Poster Presentation 39th Annual Lorne Genome Conference 2018

Stepwise engagement of the Killer T cell function is underscored by H3K27 demethylation  (#178)

Jasmine Li 1 , Moshe Olshansky 1 , Brendan Russ 1 , Kristine Hardy 2 , Sudha Rao 2 , Stephen Turner 1
  1. Monash University, Clayton, Victoria, Australia
  2. Department of Molecular and Cellular Biology, University of Canberra, Canberra, ACT, Australia

The acquisition of cytotoxic functions by effector CD8+ T cells (CTL) is a critical component of the adaptive immune system as they provide targeted antigenic responses to infections. This differentiation process, which requires the integration of T cell and co-stimulatory signaling cascades, is underscored by epigenetic re-programming, where coordinated changes to chromatin structure and histone modifications allow establishment of CTL transcriptional signatures.
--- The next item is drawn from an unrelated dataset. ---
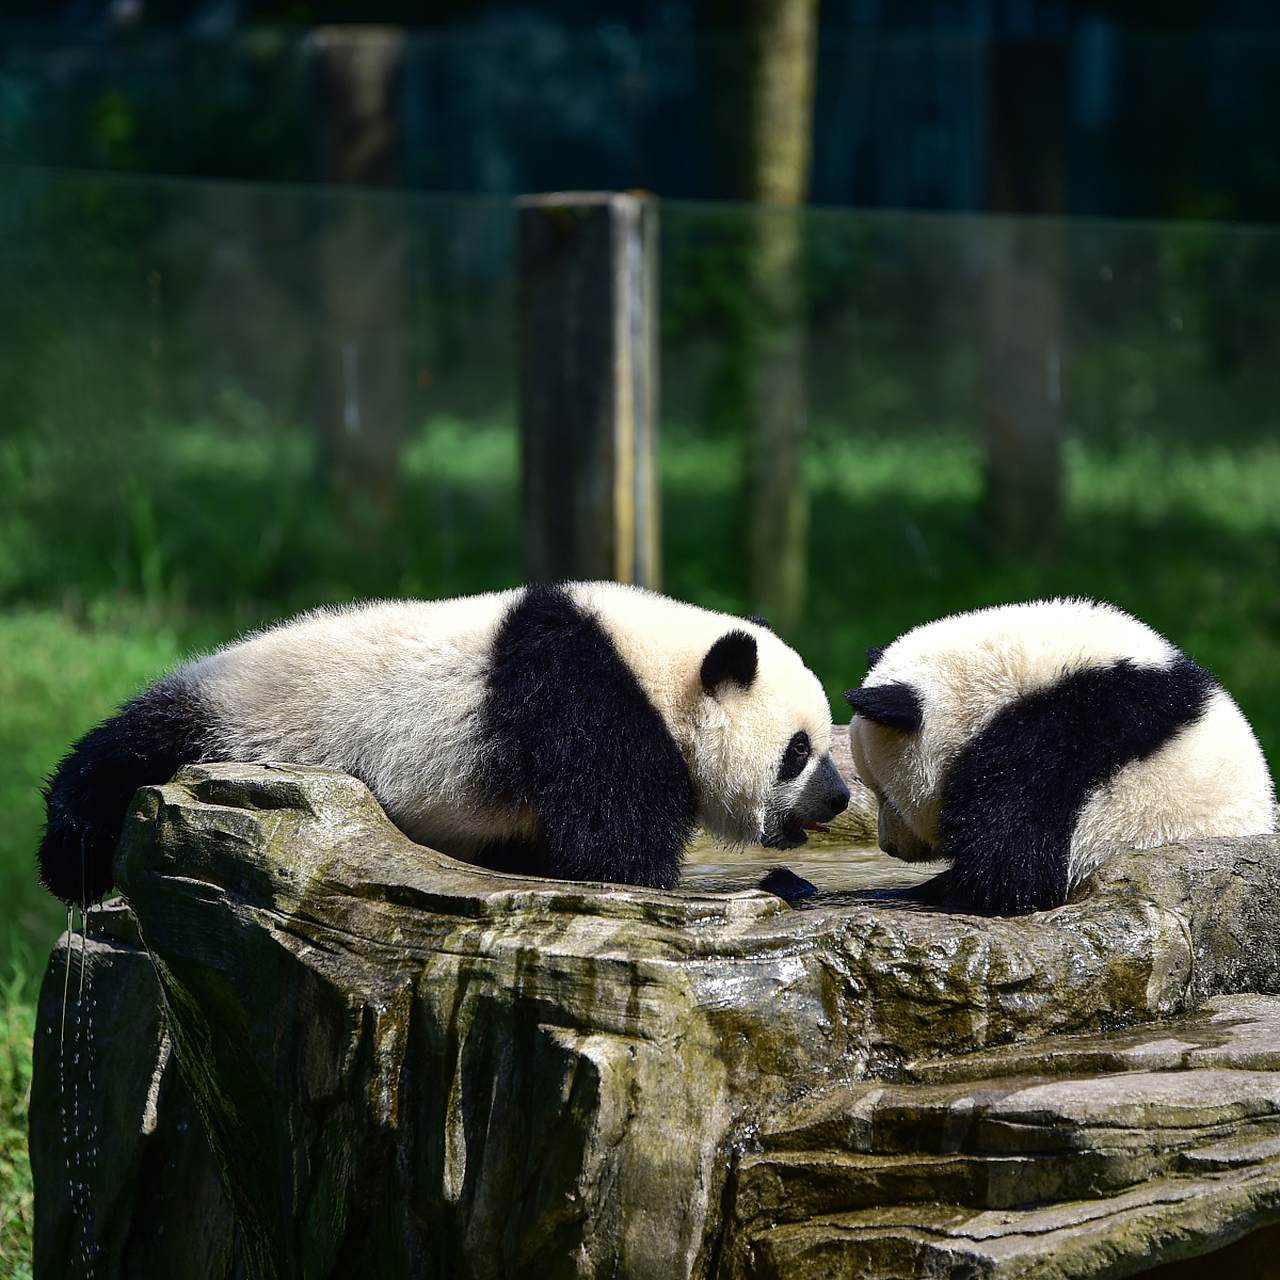 两个熊猫照片图片
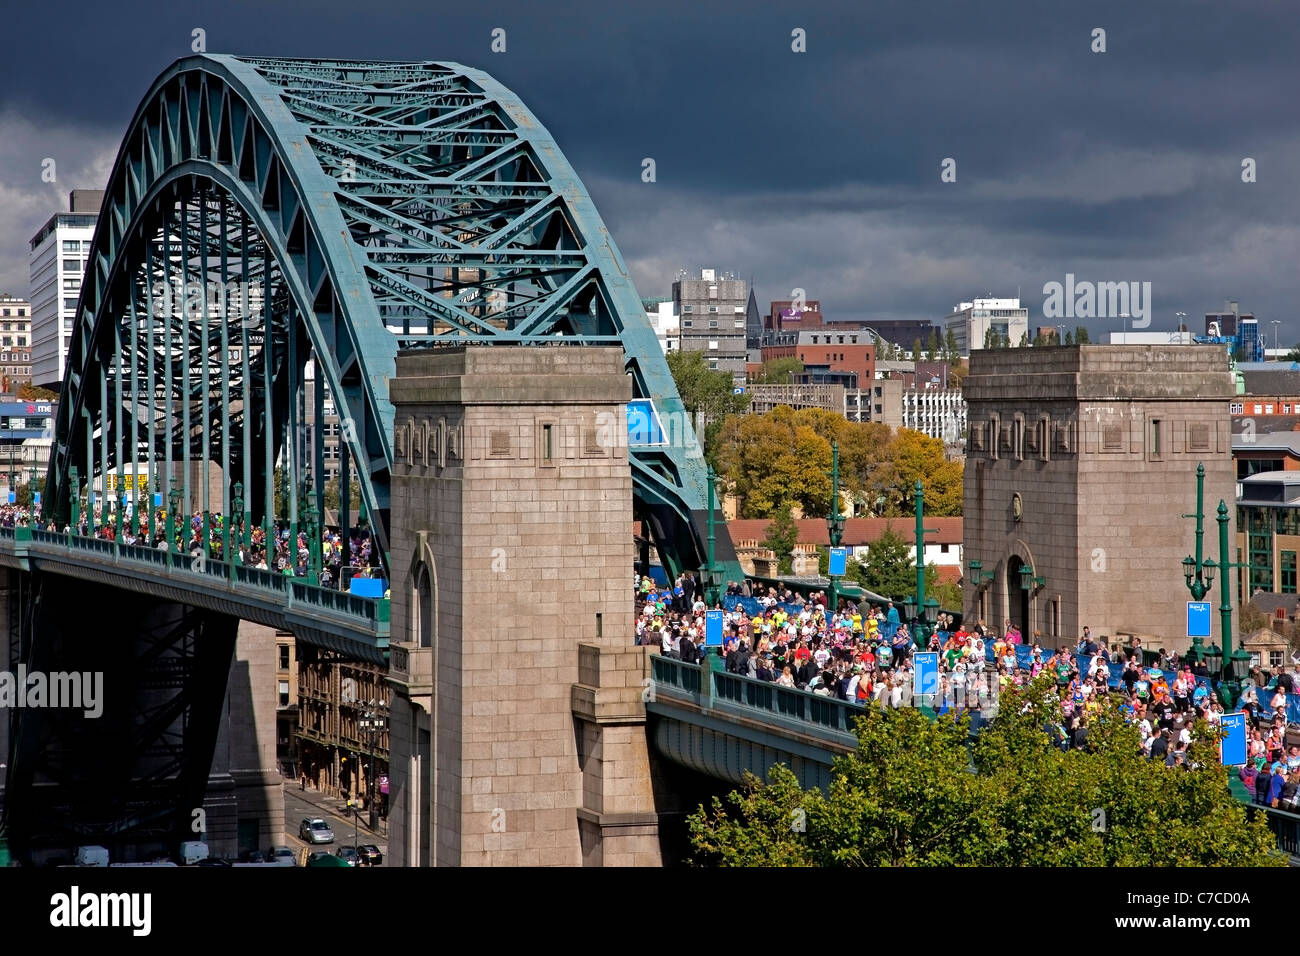 Los corredores en el 2011 Bupa Great North Run viniendo sobre el Tyne Bridge en Newcastle, vista desde el lado de Gateshead Tyne y desgaste Foto de stock

Recently, the regulation of a specific repressive histone modification (H3K27me3) has been shown to influence naïve to effector/memory differentiation in CD8+ T cells. Here, we track the dynamics of H3K27me3 demethylation during the early phase of T cell activation against Influenza A in an in vitro mouse model. Using ChIP- and RNA-sequencing, we demonstrate that early-activated T cells engage in a series of stepwise transcriptional changes, with transcription factors critical for T cell differentiation such as Tbx21 (encoding for T-bet) and Irf4 being expressed at as early as 3 hours post-activation. Importantly, the use of a demethylase inhibitor demonstrated that the magnitude of their transcription responses was dependent on H3K27me3 demethylation, indicating that the removal of this repressive histone modification significantly shapes early cytotoxic gene expression programs through the activation of these transcription factors. Understanding these molecular signatures therefore represents a novel regulatory step involved in the formation of effector and memory CD8+ T cells.